CATALINA_OPTS="-XX:MaxPermSize=512m"
For this test I had the geoserver.war and a ROOT directory in my Tomcat implementation. In the ROOT directory I added the directories nb/1.0 where I added the following two schemas that I created:
nb.xsd
---------------------------------------------------------------------
<xsd:schema targetNamespace="http://localhost:8080/nb/1"
xmlns:wx="http://localhost:8080/nb/1"
xmlns:xsd="http://www.w3.org/2001/XMLSchema"
elementFormDefault="qualified"
attributeFormDefault="unqualified" version="1.0">
<xsd:include schemaLocation="nbExample.xsd" />
</xsd:schema>
nbExample.xsd
---------------------------------------------------------------------
<xsd:schema targetNamespace="http://localhost:8080/nb/1" xmlns:nb="http://localhost:8080/nb/1"
xmlns:xsd="http://www.w3.org/2001/XMLSchema" xmlns:gml="http://www.opengis.net/gml"
elementFormDefault="qualified" attributeFormDefault="unqualified" version="1.0">
<xsd:annotation>
<xsd:documentation> A test schema to try and produce a memory leak in GeoServer
</xsd:documentation>
</xsd:annotation>
<xsd:import namespace="http://www.opengis.net/gml"
schemaLocation="../../gml/3.1.1/base/gml.xsd"/>
<xsd:complexType name="ExampleType">
<xsd:complexContent>
<xsd:extension base="gml:AbstractFeatureType">
<xsd:sequence>
<xsd:element name="time" type="gml:TimePositionType"/>
<xsd:element name="position" type="nb:PositionType"/>
</xsd:sequence>
</xsd:extension>
</xsd:complexContent>
</xsd:complexType>
<xsd:element name="example" type="nb:ExampleType" substitutionGroup="gml:_Feature" />
<xsd:complexType name="PositionType">
<xsd:sequence>
<xsd:element ref="gml:Point"/>
</xsd:sequence>
</xsd:complexType>
</xsd:schema>
---------------------------------------------------------------------
Also I took a copy of the gml and xlink directories from the geoserver/schemas directory and also placed them in the ROOT directory. I did this just so when I was working with my schema it would validate properly.

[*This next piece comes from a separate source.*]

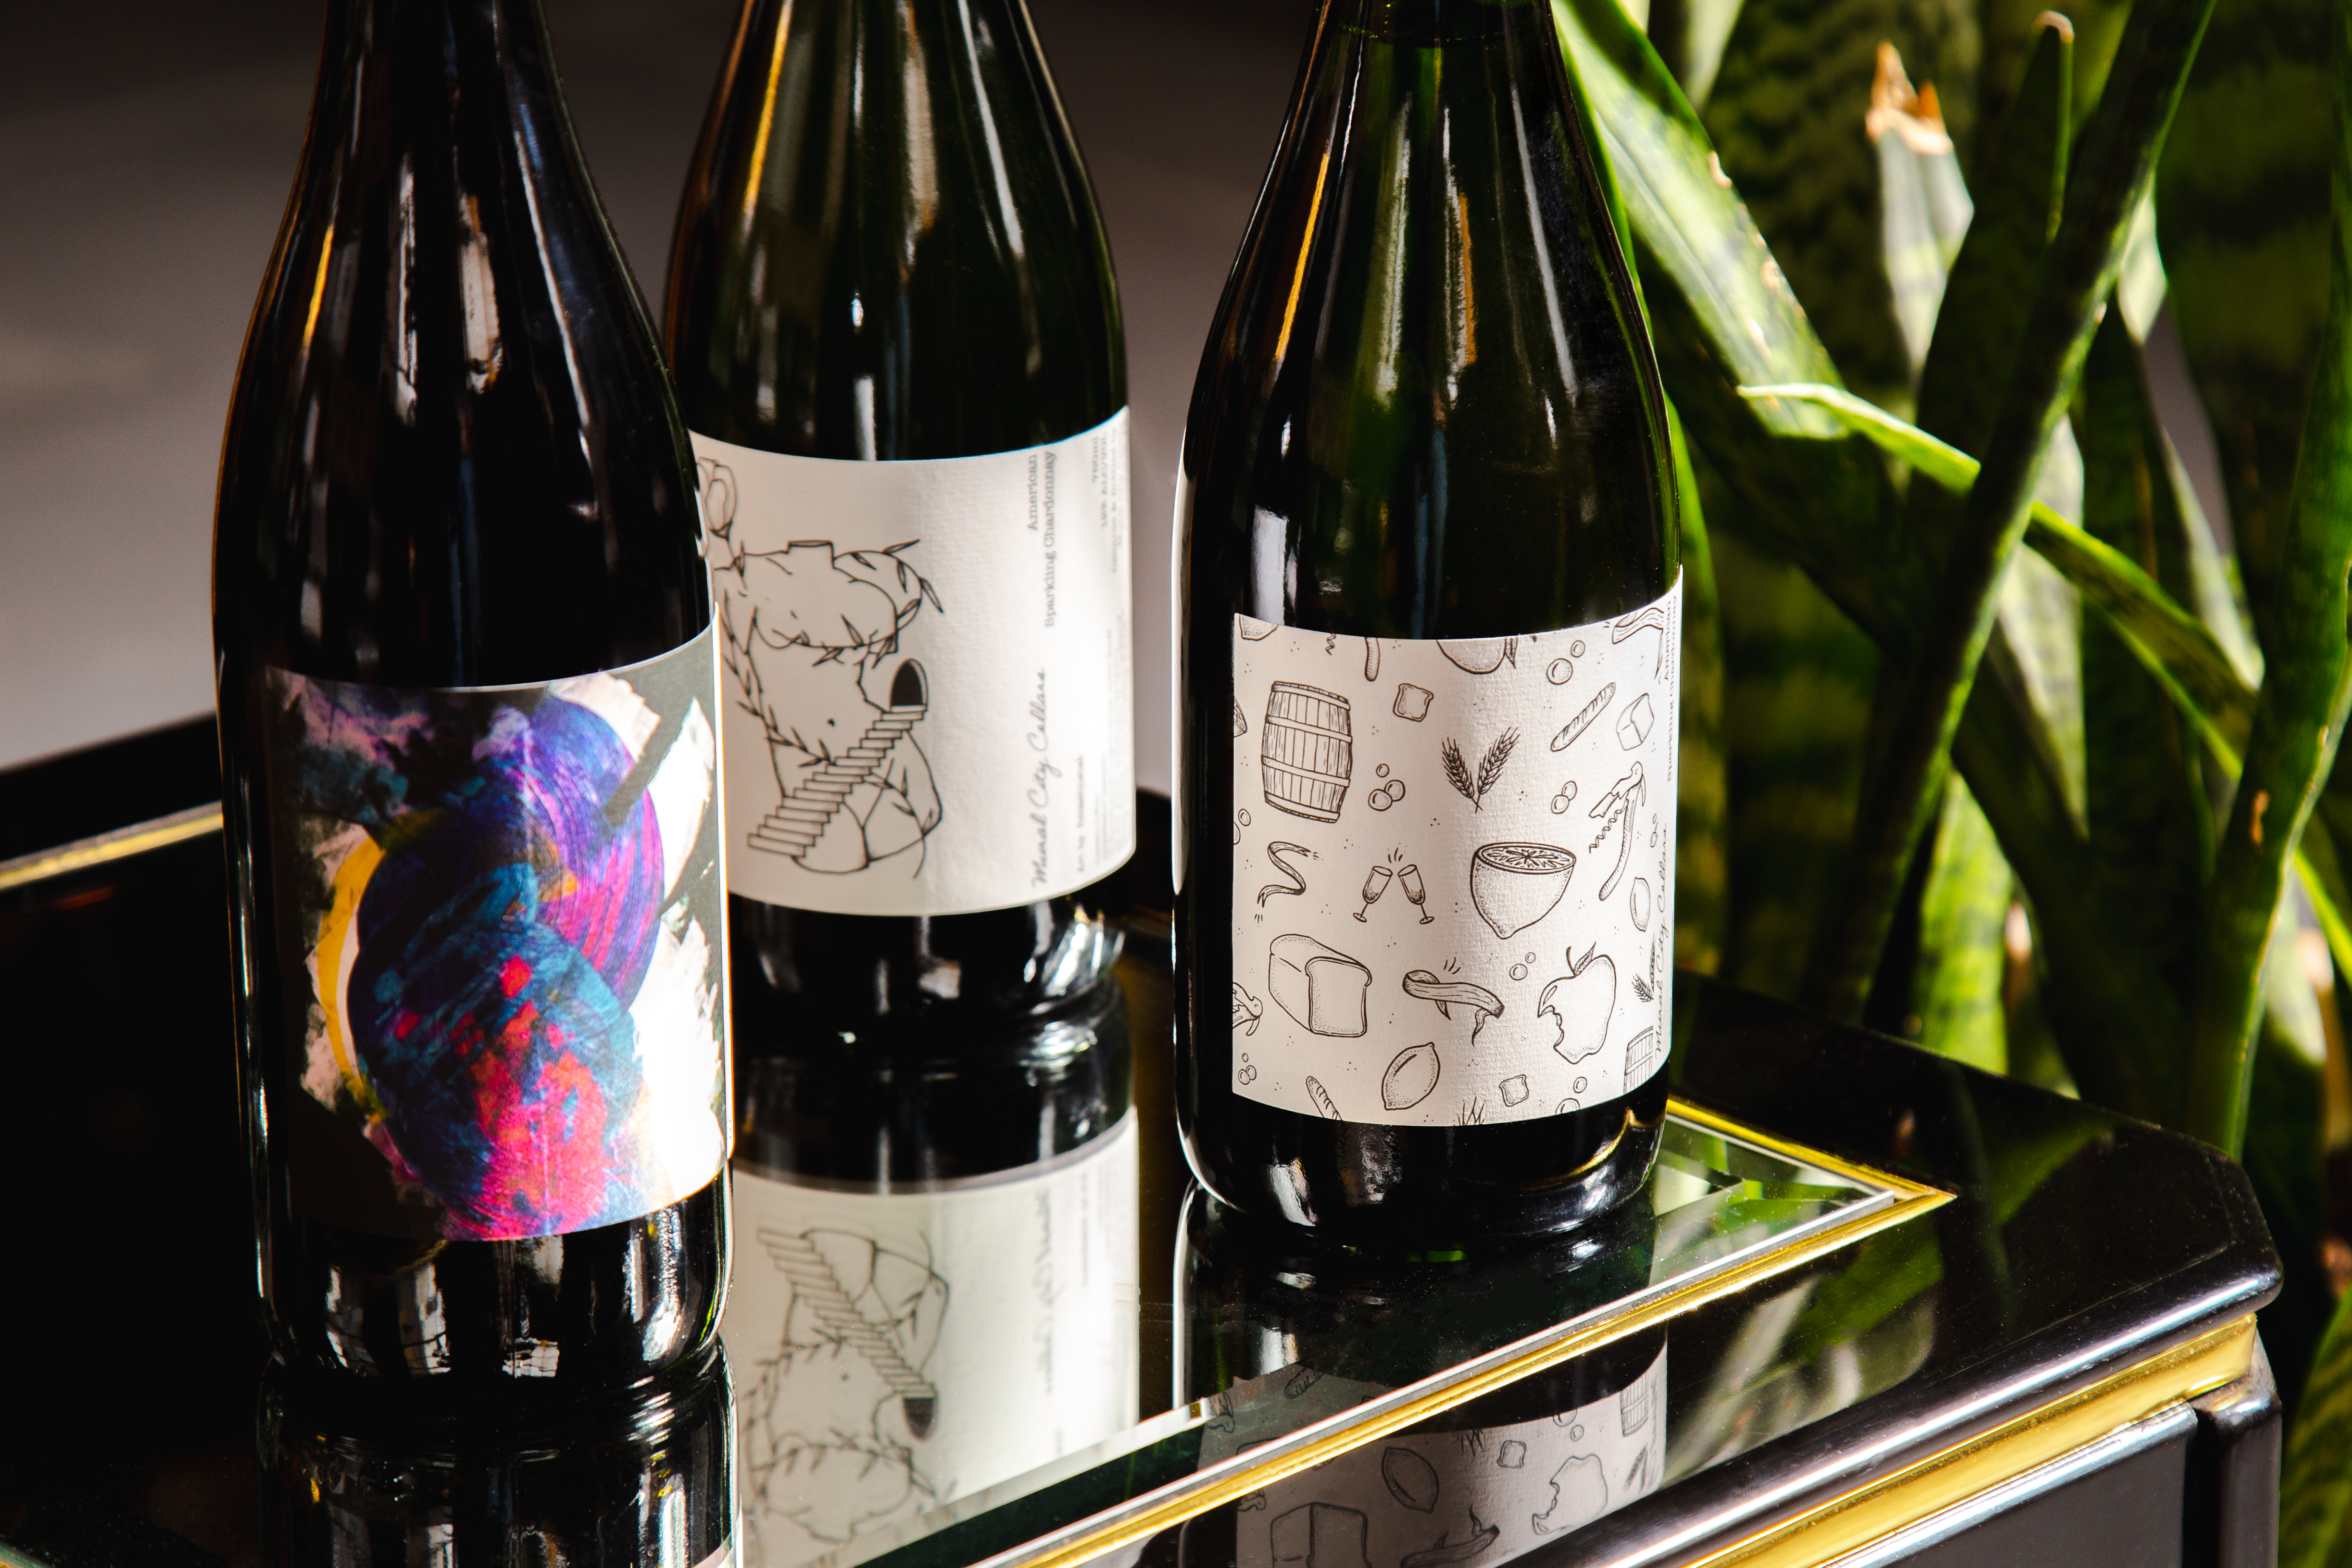 three bottles of wine with illustrations and visual art on the bottles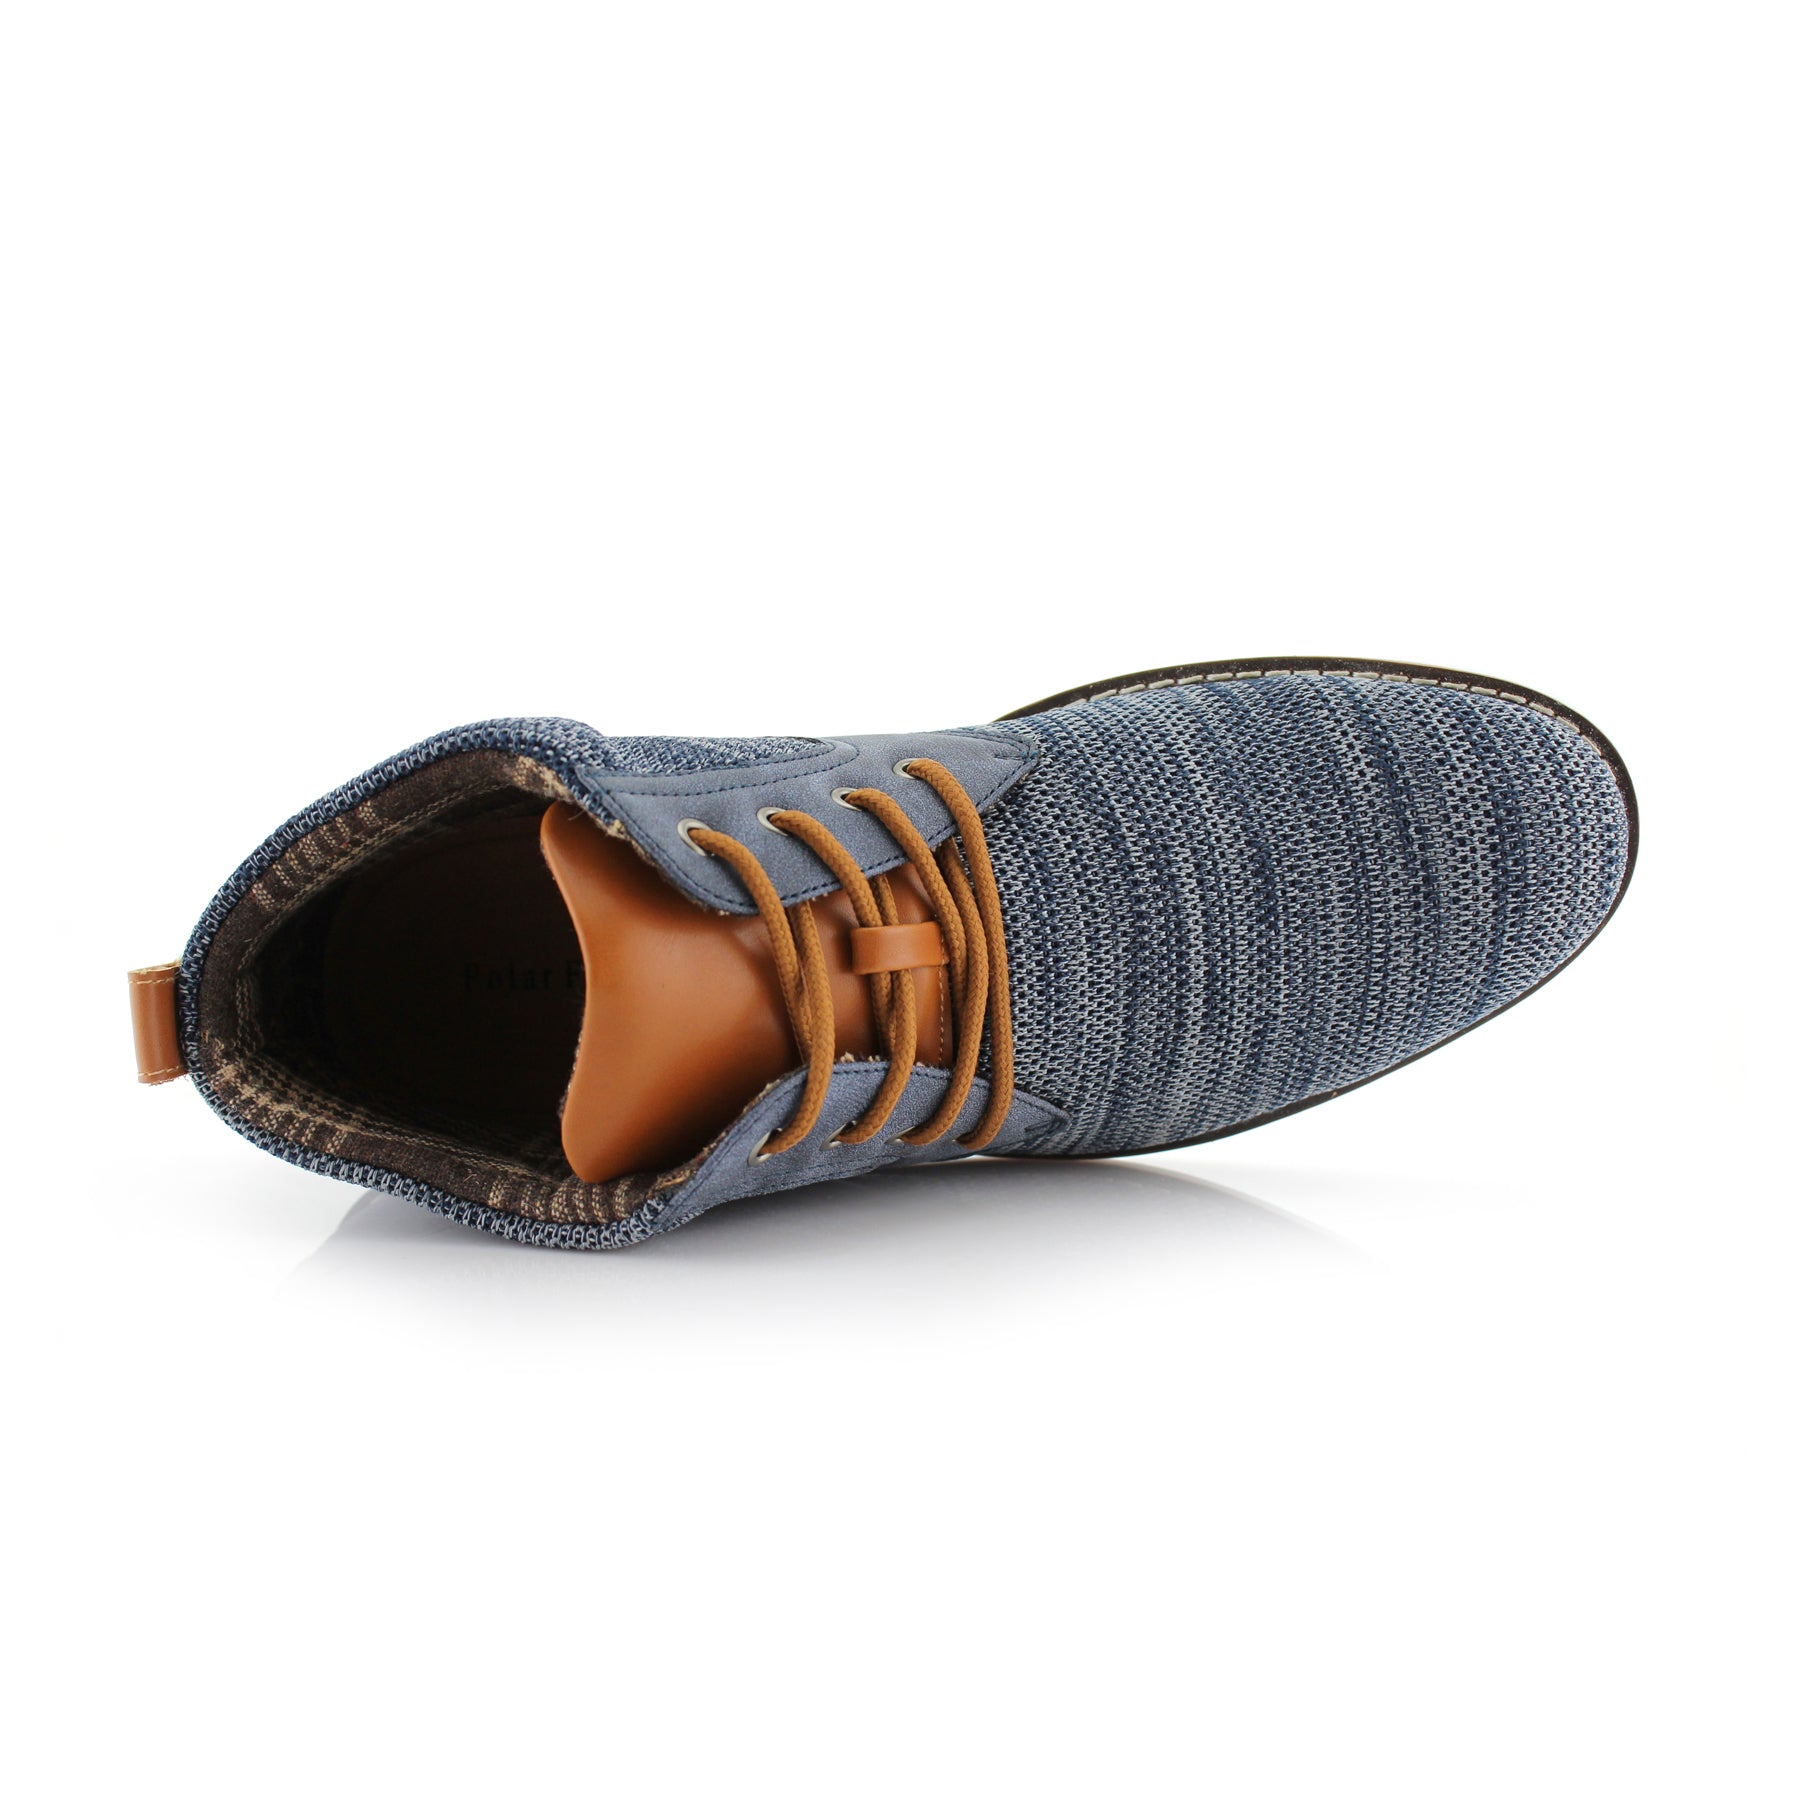 Duo-textured Sneaker Chukka Boots | Bohort by Polar Fox | Conal Footwear | Top-Down Angle View

In my Postgis database I created a table with the following:
create table example (id int PRIMARY KEY, time timestamp with time zone);
select AddGeometryColumn('example', 'position', 4326, 'POINT', 2);
I then added my namespace nb to GeoServer with an uri of:
http://localhost:8080/nb/1
I added my database as a DataStore and then made a FeatureType called example. Following is the info.xml file for this FeatureType:
---------------------------------------------------------------------
<featureType datastore = "example" >
<name>example</name>
<!--
native wich EPGS code for the FeatureTypeInfoDTO
-->
<SRS>4326</SRS>
<SRSHandling>0</SRSHandling>
<title>example_Type</title>
<abstract>Generated from example</abstract>
<wmspath>/</wmspath>
<numDecimals value = "8" />
<keywords>example</keywords>
<latLonBoundingBox dynamic = "false" maxx = "-75.0" maxy = "100.0" minx = "-100.0" miny = "1.0" />
<nativeBBox dynamic = "false" maxx = "-75.0" maxy = "100.0" minx = "-100.0" miny = "1.0" />
<!--
the default style this FeatureTypeInfoDTO can be represented by.
at least must contain the "default" attribute
-->
<styles default = "point" />
<cacheinfo enabled = "false" maxage = "" />
<maxFeatures>0</maxFeatures>
</featureType>
---------------------------------------------------------------------
I then used a Java program to perform my http posts of my wfst insert statements. As mentioned before my code just waits until the previous request receives the 200 acknowledge message and then sends the next request. Following I have an xml document that contains the body of each http post:
---------------------------------------------------------------------
<?xml version="1.0" encoding="UTF-8"?>
<wfs:Transaction
xsi:schemaLocation="http://www.opengis.net/wfs http://schemas.opengis.net/wfs/1.1.0/wfs.xsd http://localhost:8080/nb/1.0/nb.xsd"
xmlns:wfs="http://www.opengis.net/wfs" xmlns:xsi="http://www.w3.org/2001/XMLSchema-instance"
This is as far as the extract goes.